Your goal:
A verbatim copy of the listing is what is needed, minus any pictures.

Collected data:
- - - - - - -

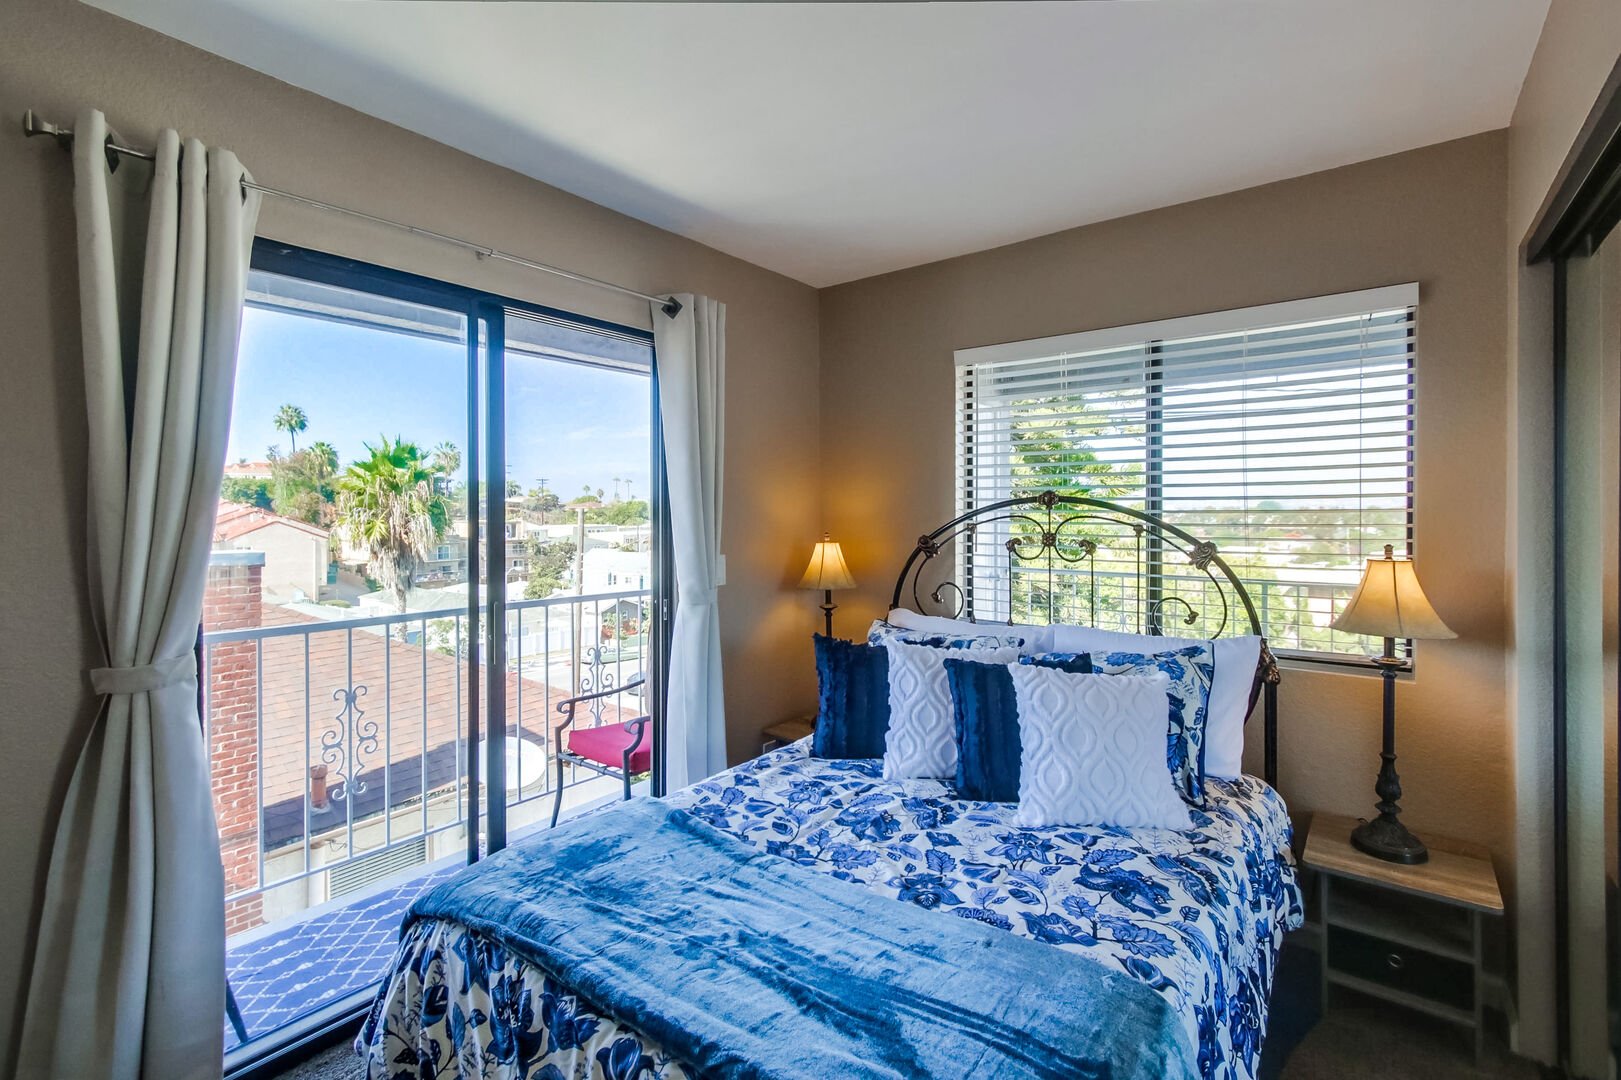 Guest bedroom with full size bed, private patio, ample natural light and closet and dresser storage
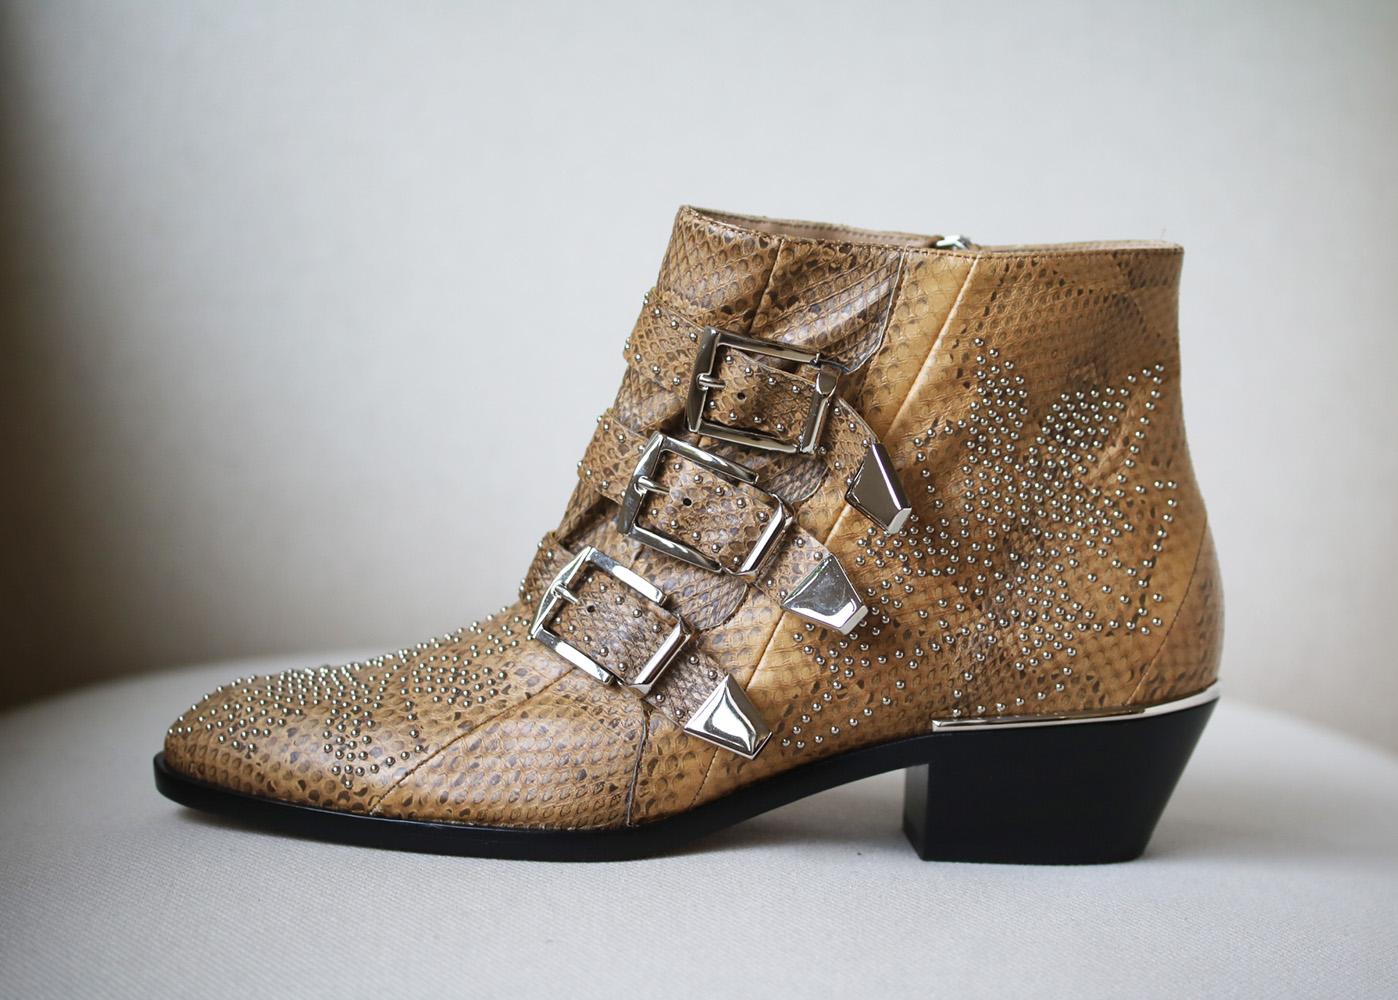 Chloé's 'Susanna' boots are one of the label's most sought-after designs. Updated in tonal-sand watersnake - a chic alternative to black and just as versatile - this pair is punctuated with silver studs and three buckled straps. Heel measures
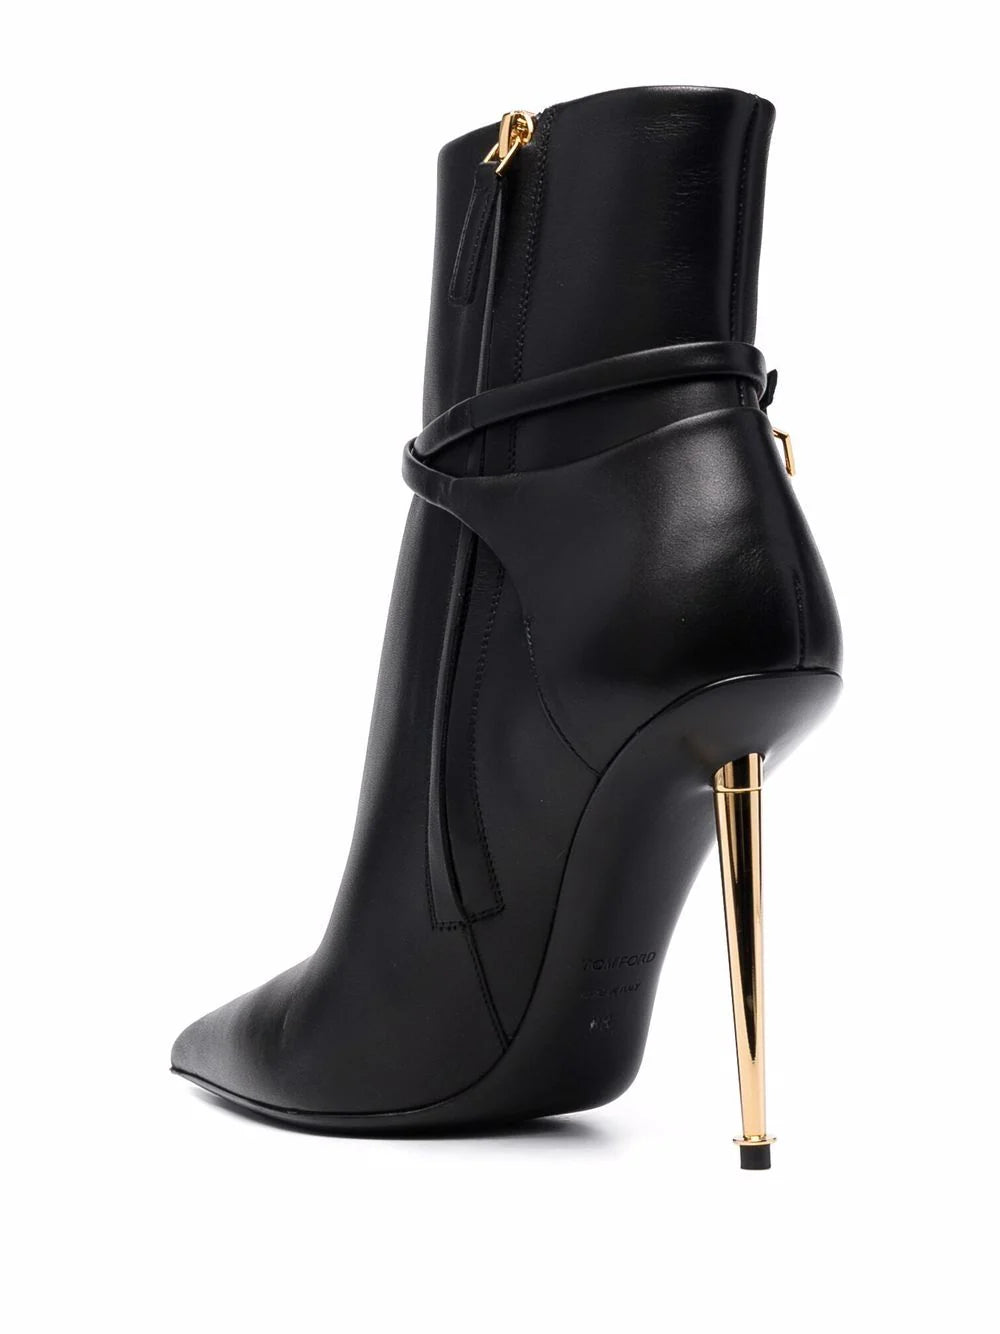 TOM FORD   Padlock ankle boots with 120mm heel
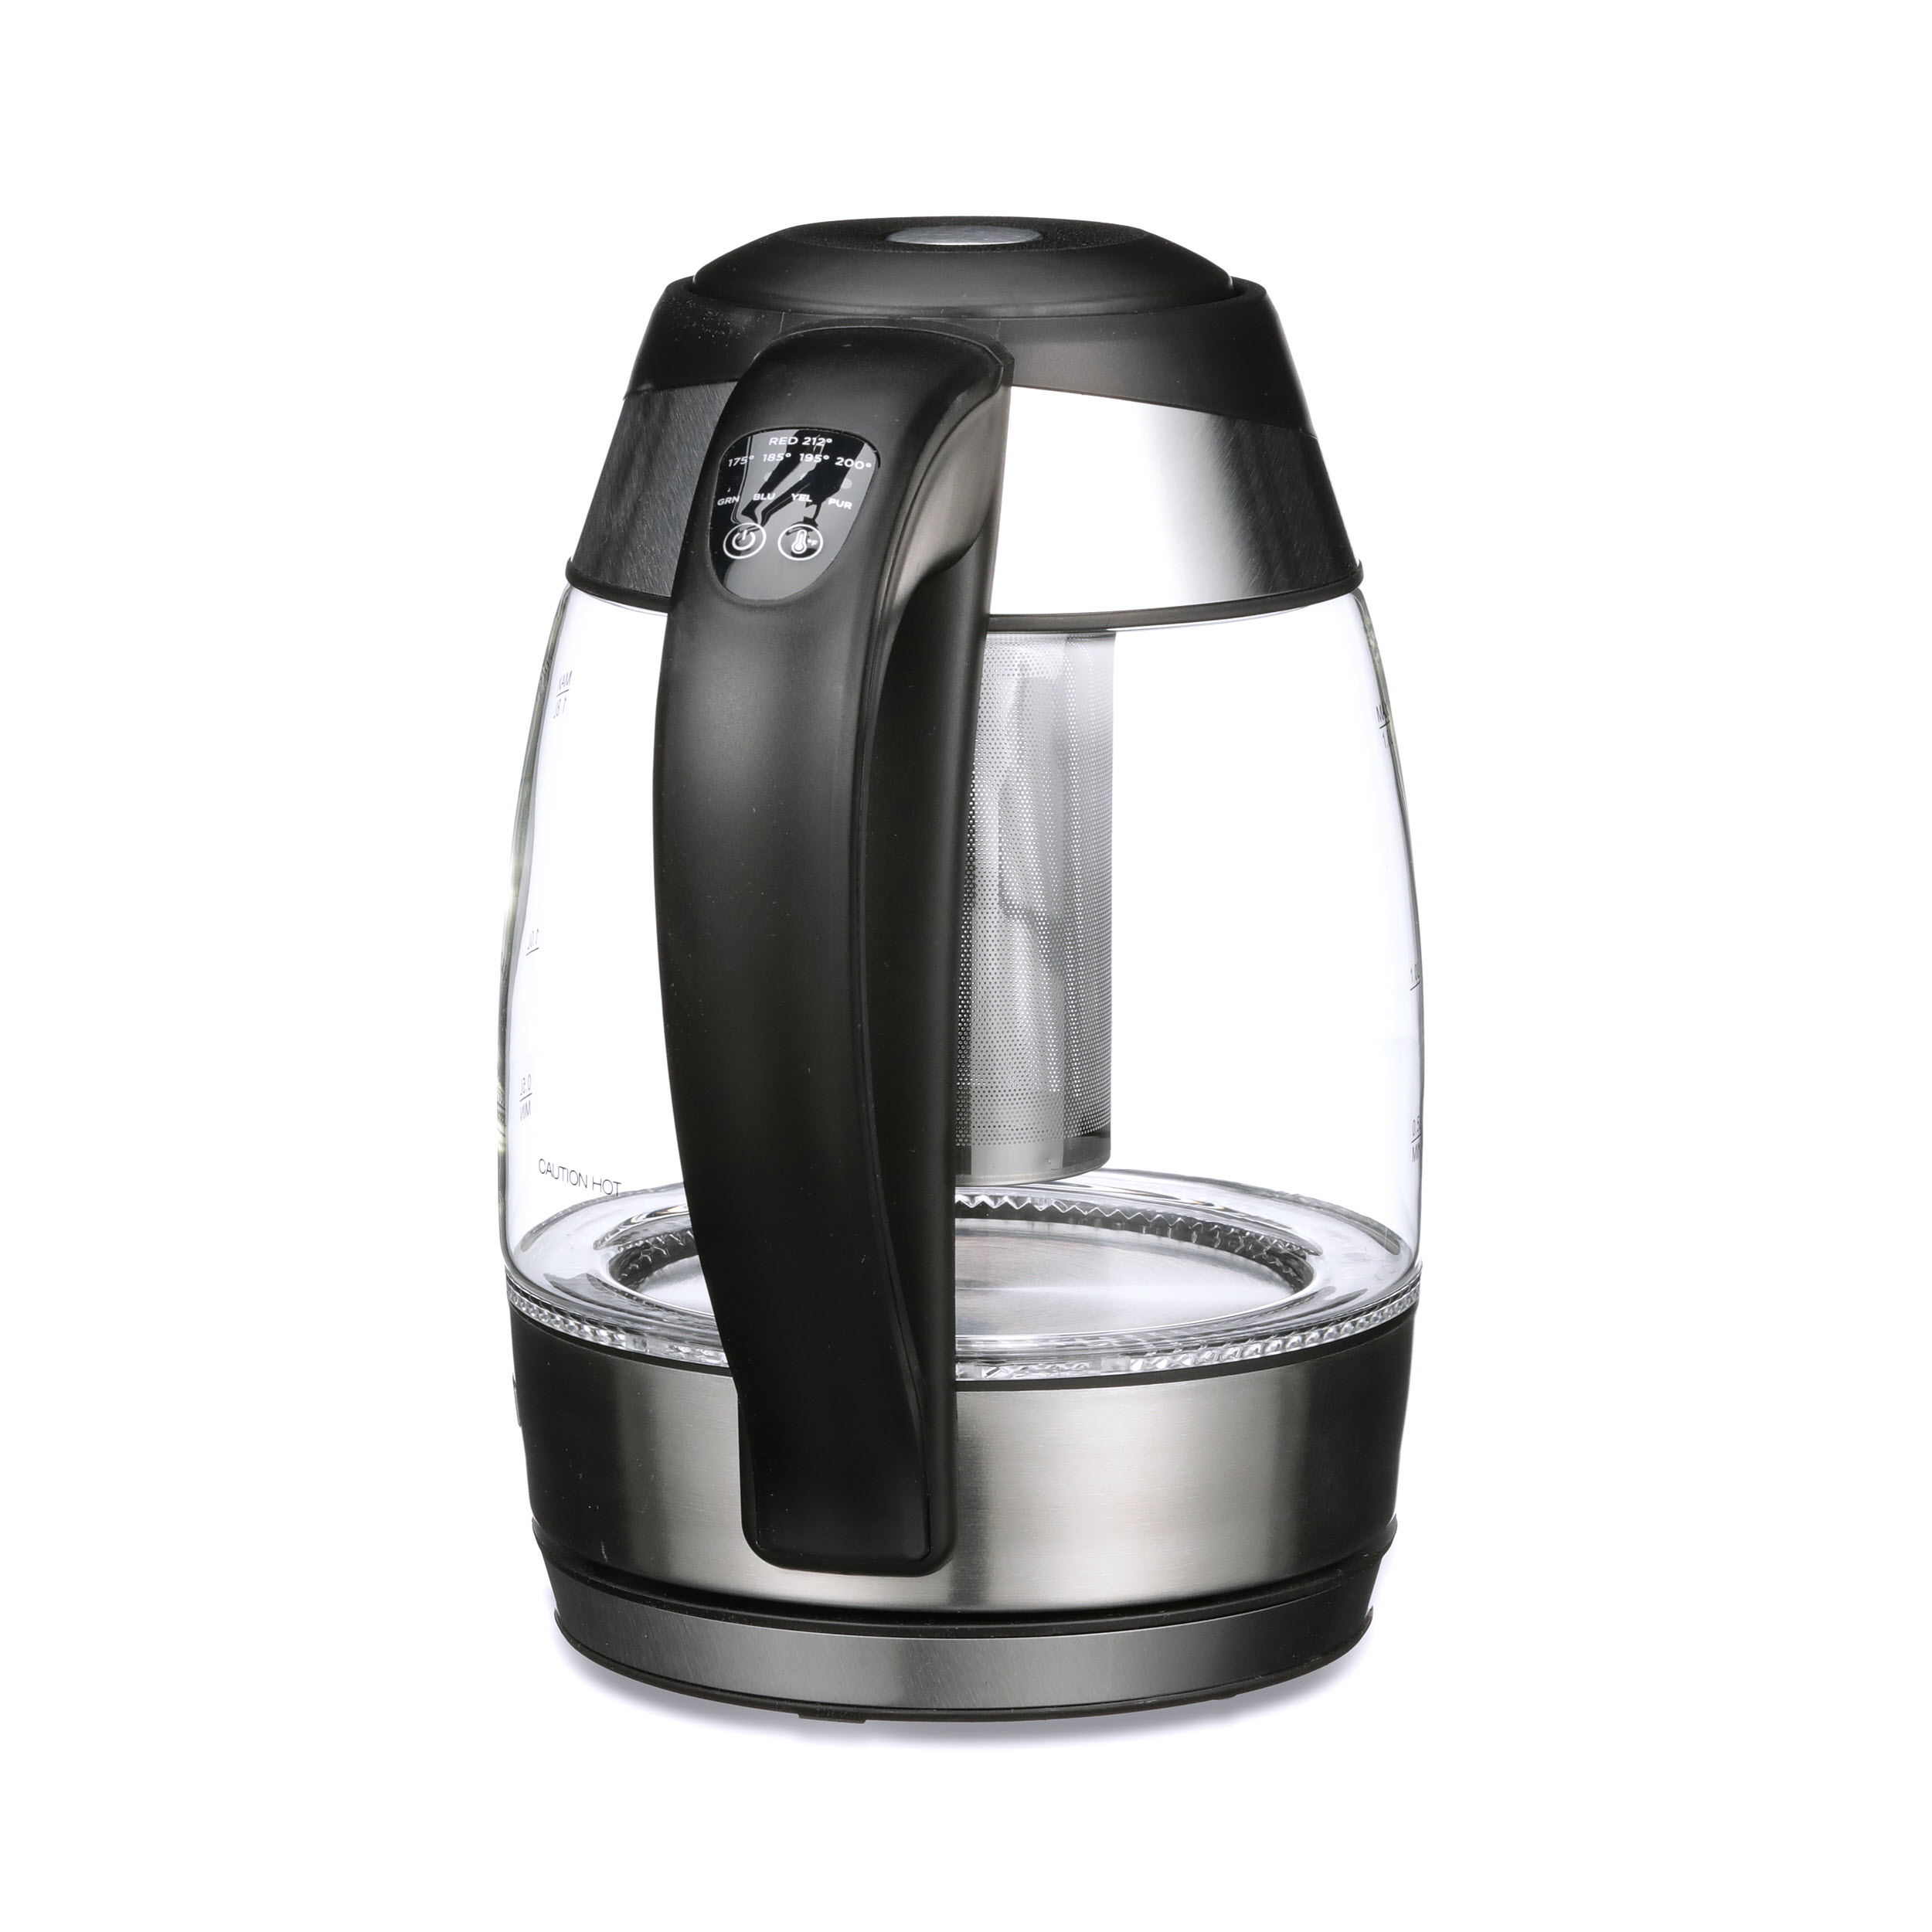 1.8-Liter Temperature Control Stainless-Steel Electric Kettle – Chefman

- - - - - - -

Task result:
 Guest bedroom with full size bed, private patio, ample natural light and closet and dresser storage
 Chloé's 'Susanna' boots are one of the label's most sought-after designs. Updated in tonal-sand watersnake - a chic alternative to black and just as versatile - this pair is punctuated with silver studs and three buckled straps. Heel measures
 TOM FORD   Padlock ankle boots with 120mm heel
 1.8-Liter Temperature Control Stainless-Steel Electric Kettle – Chefman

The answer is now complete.